» **Data block**:
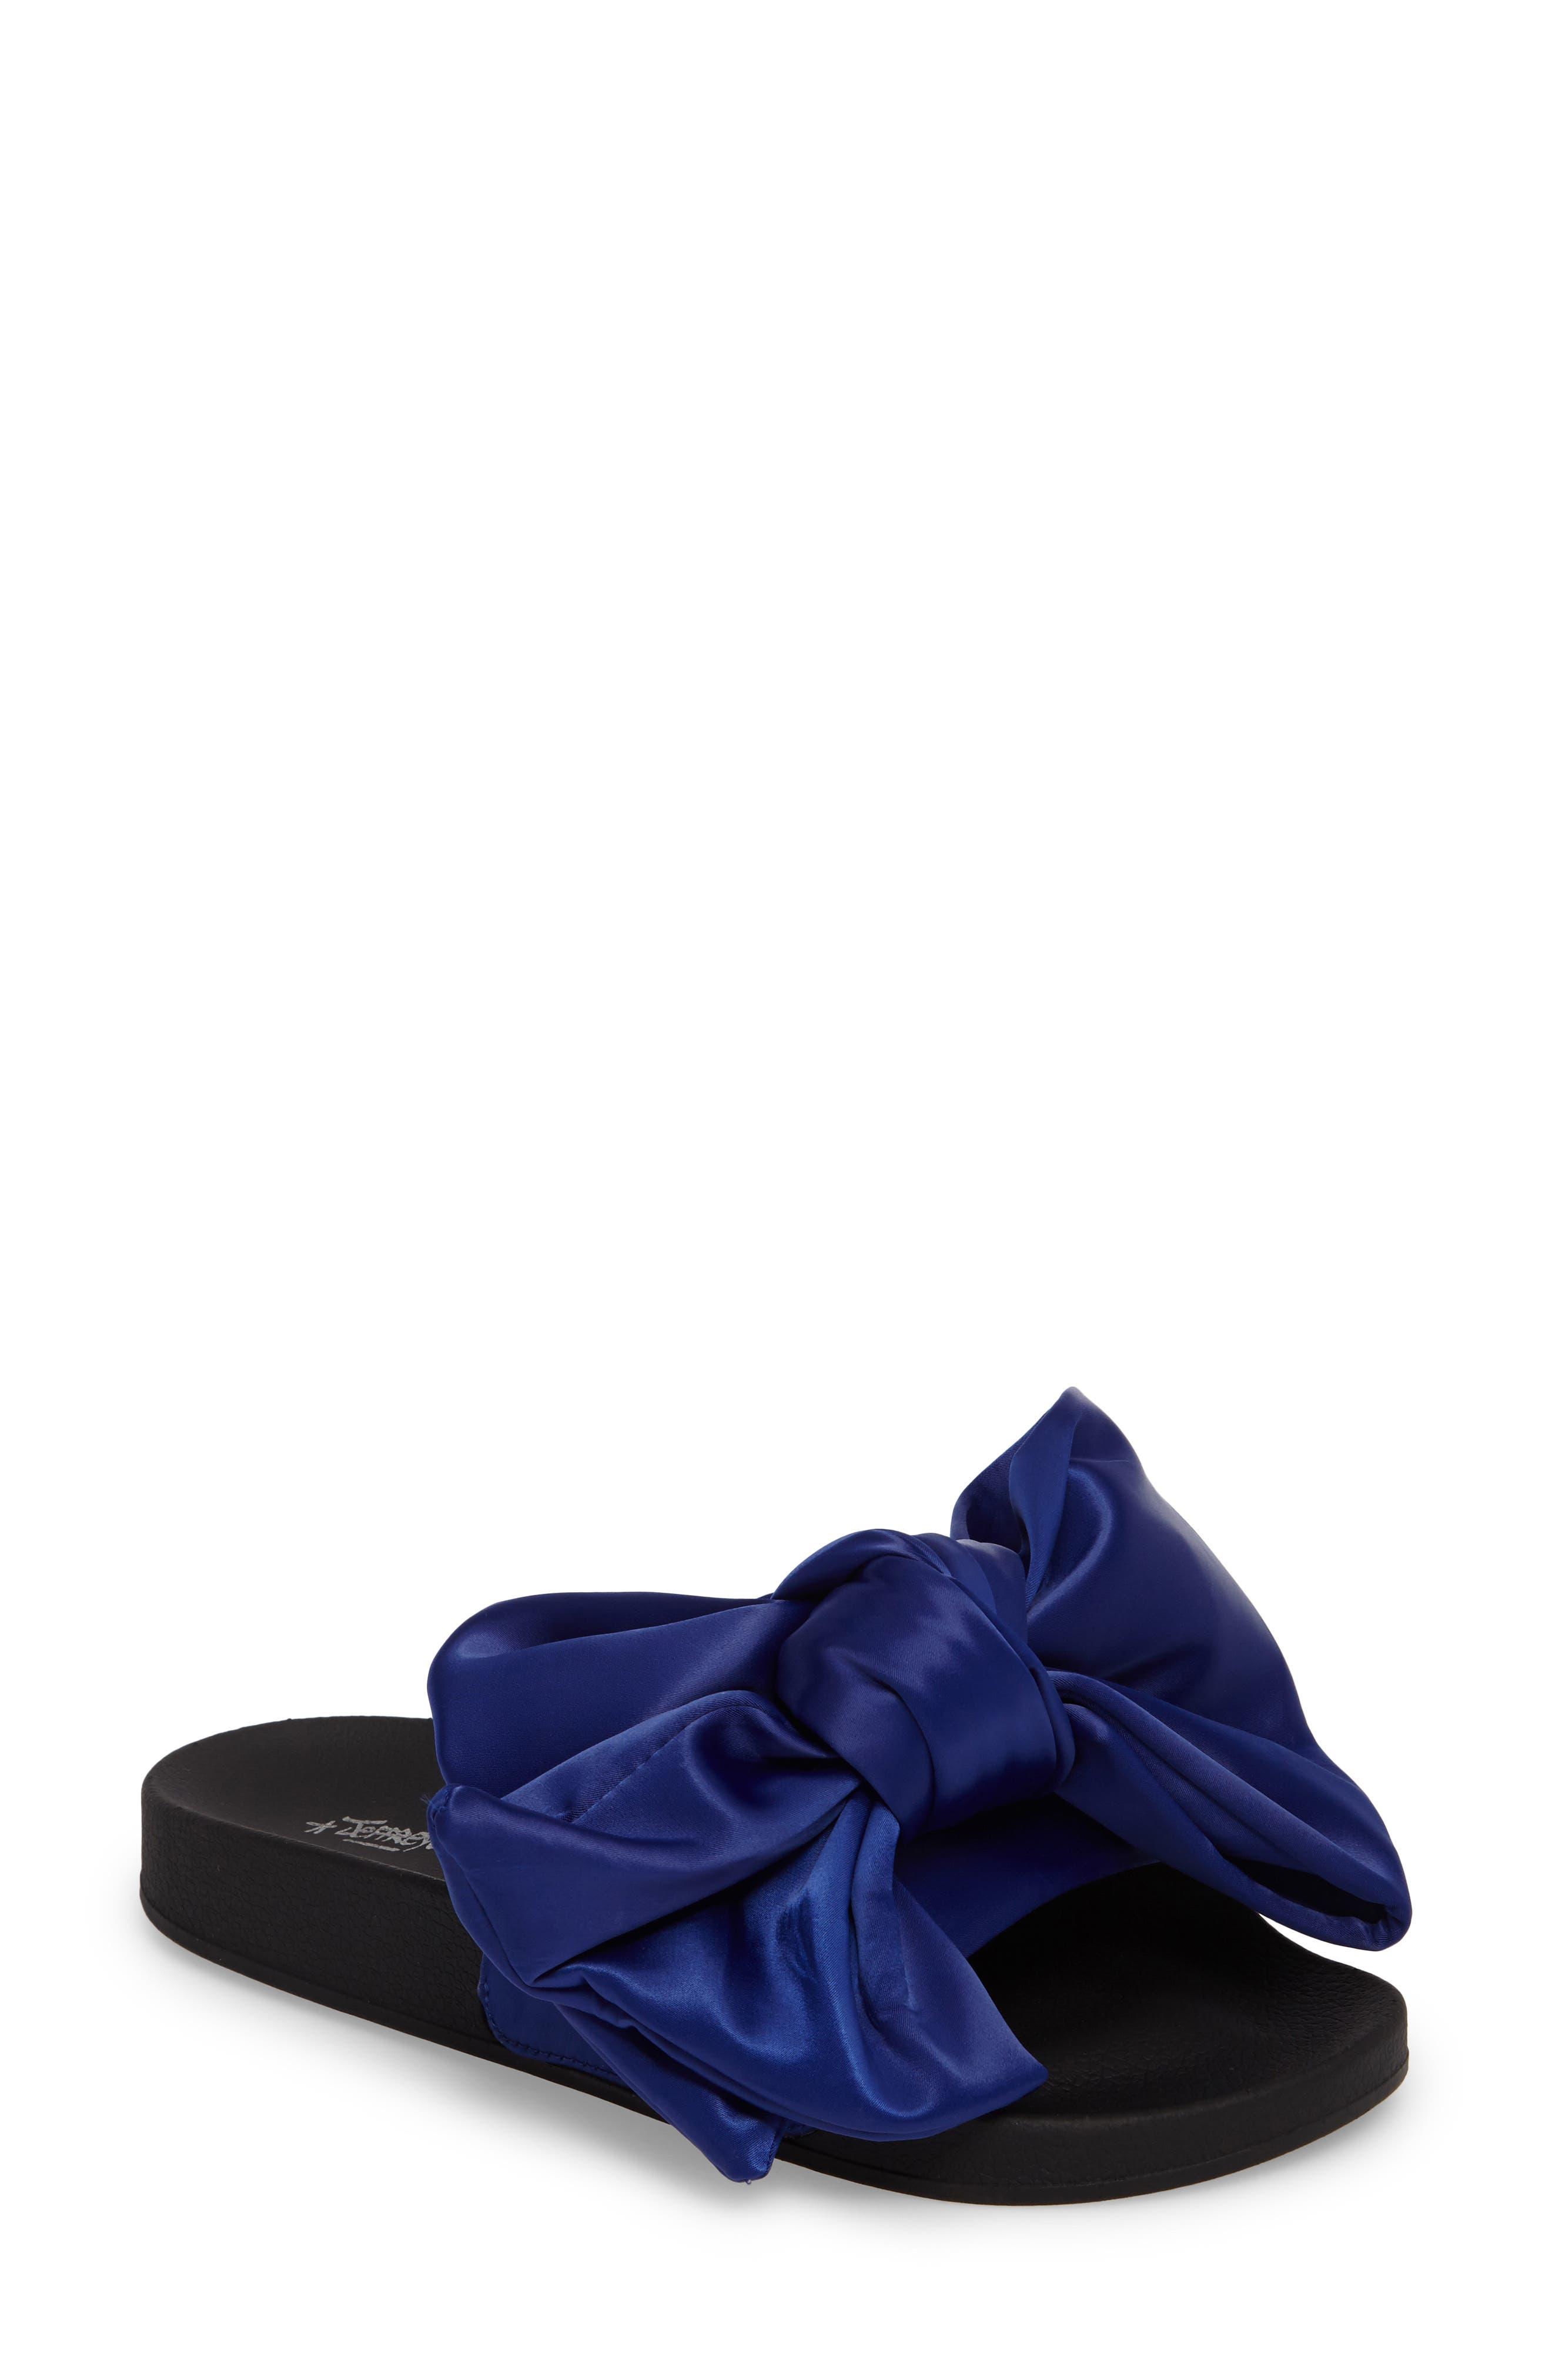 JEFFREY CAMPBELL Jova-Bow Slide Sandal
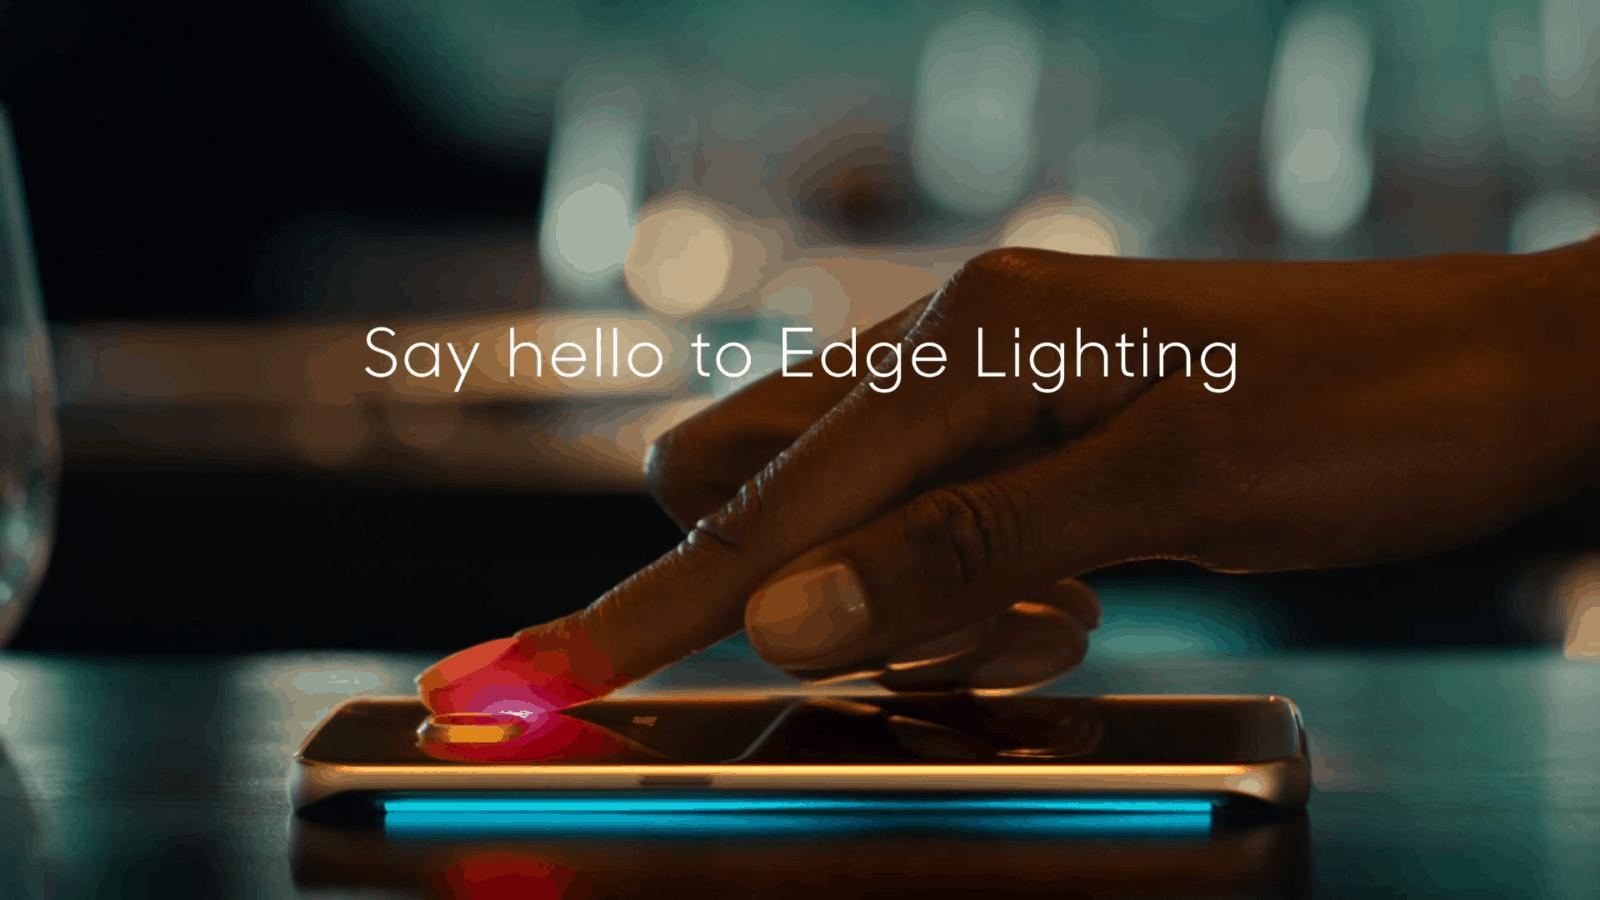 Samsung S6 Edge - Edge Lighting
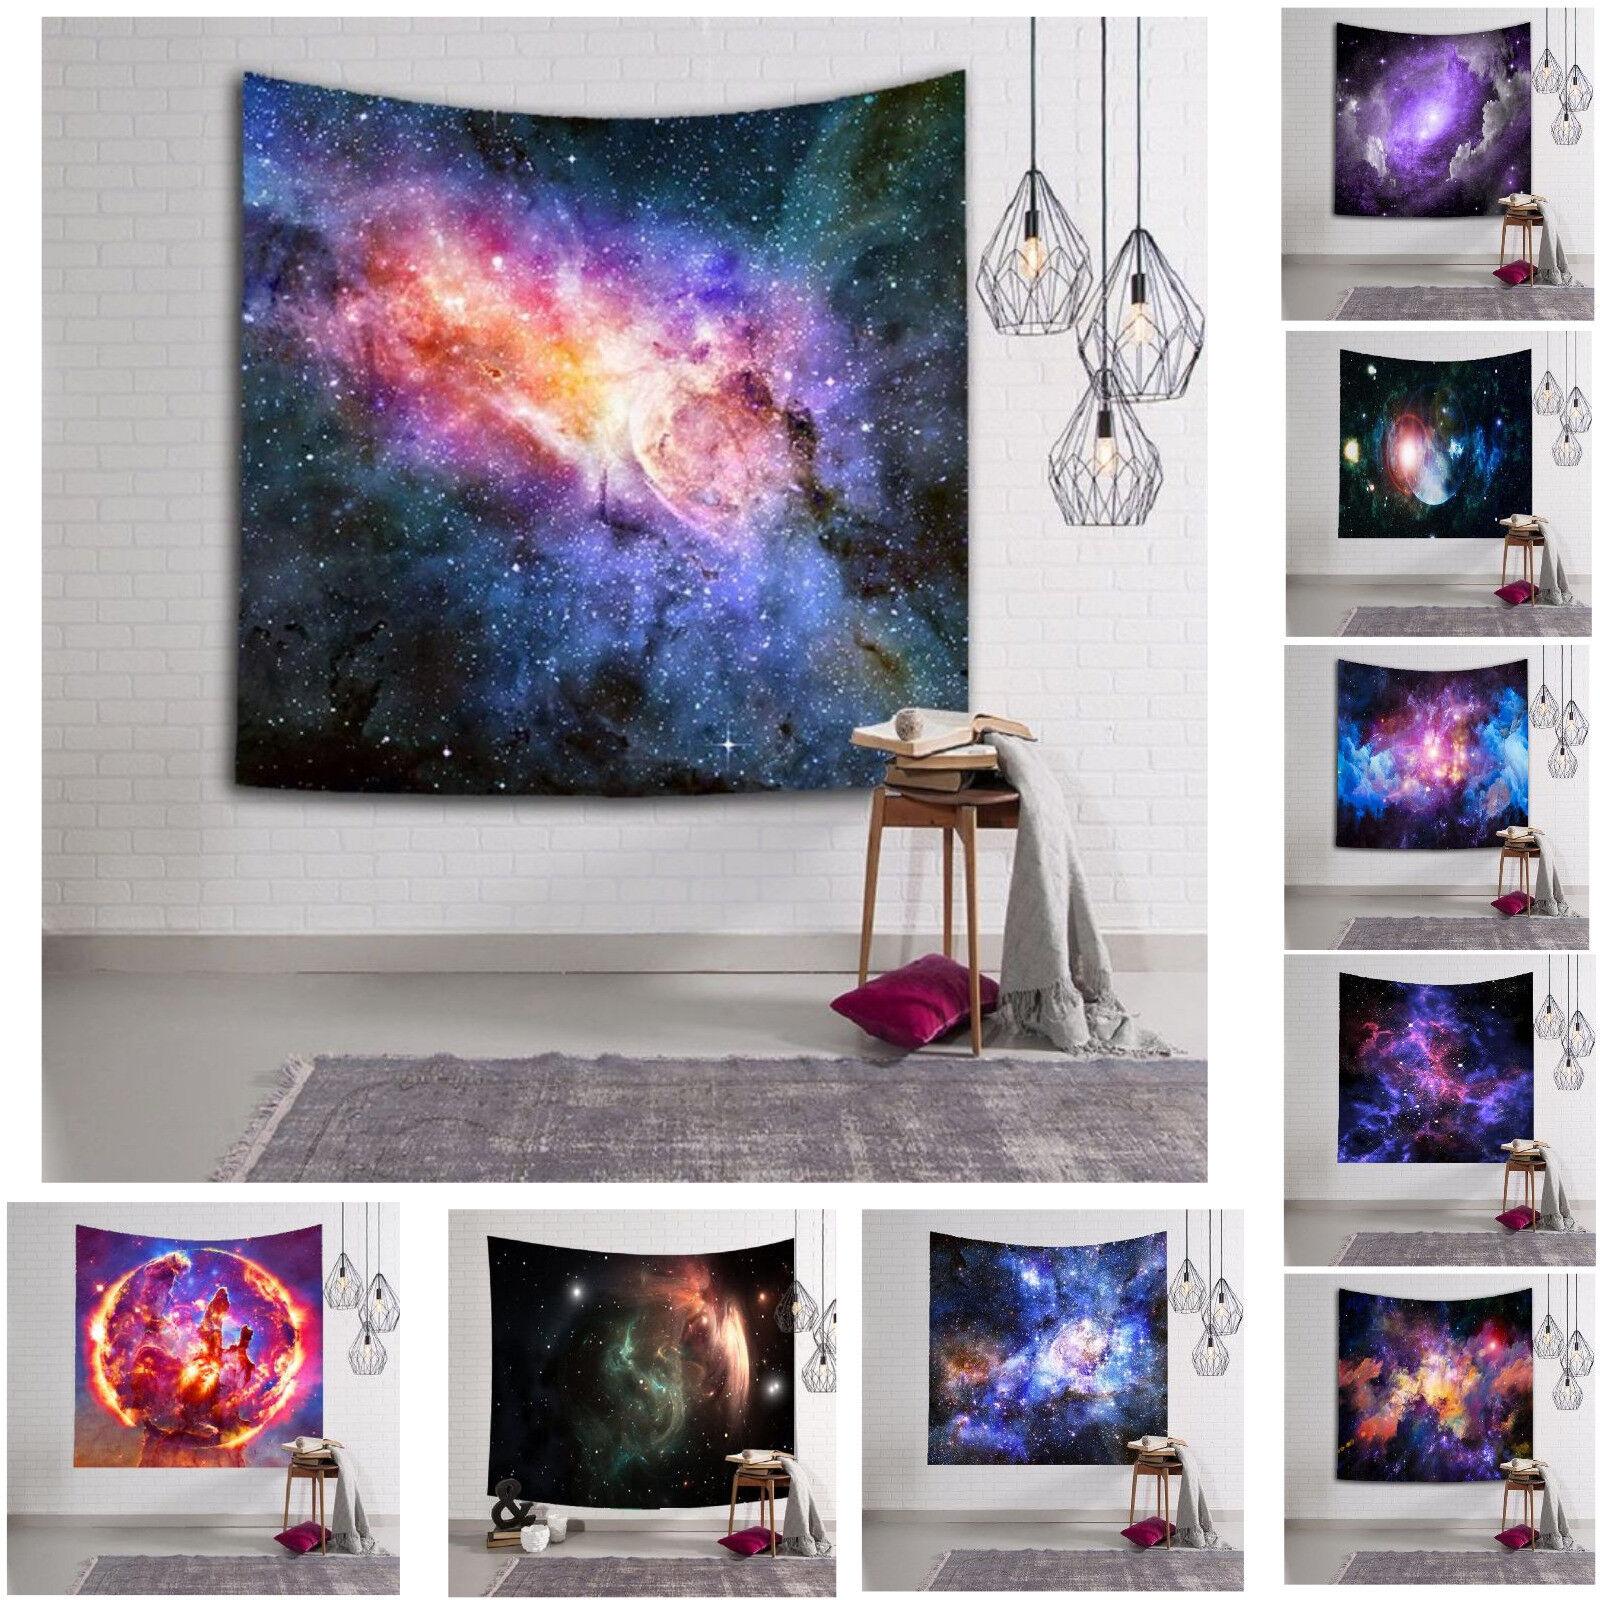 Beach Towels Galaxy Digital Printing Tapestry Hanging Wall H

» **Task goal**: Only the pictures are dropped when you print the material; everything else is copied exactly.

» **Task output**:
 JEFFREY CAMPBELL Jova-Bow Slide Sandal
 Samsung S6 Edge - Edge Lighting
 Beach Towels Galaxy Digital Printing Tapestry Hanging Wall H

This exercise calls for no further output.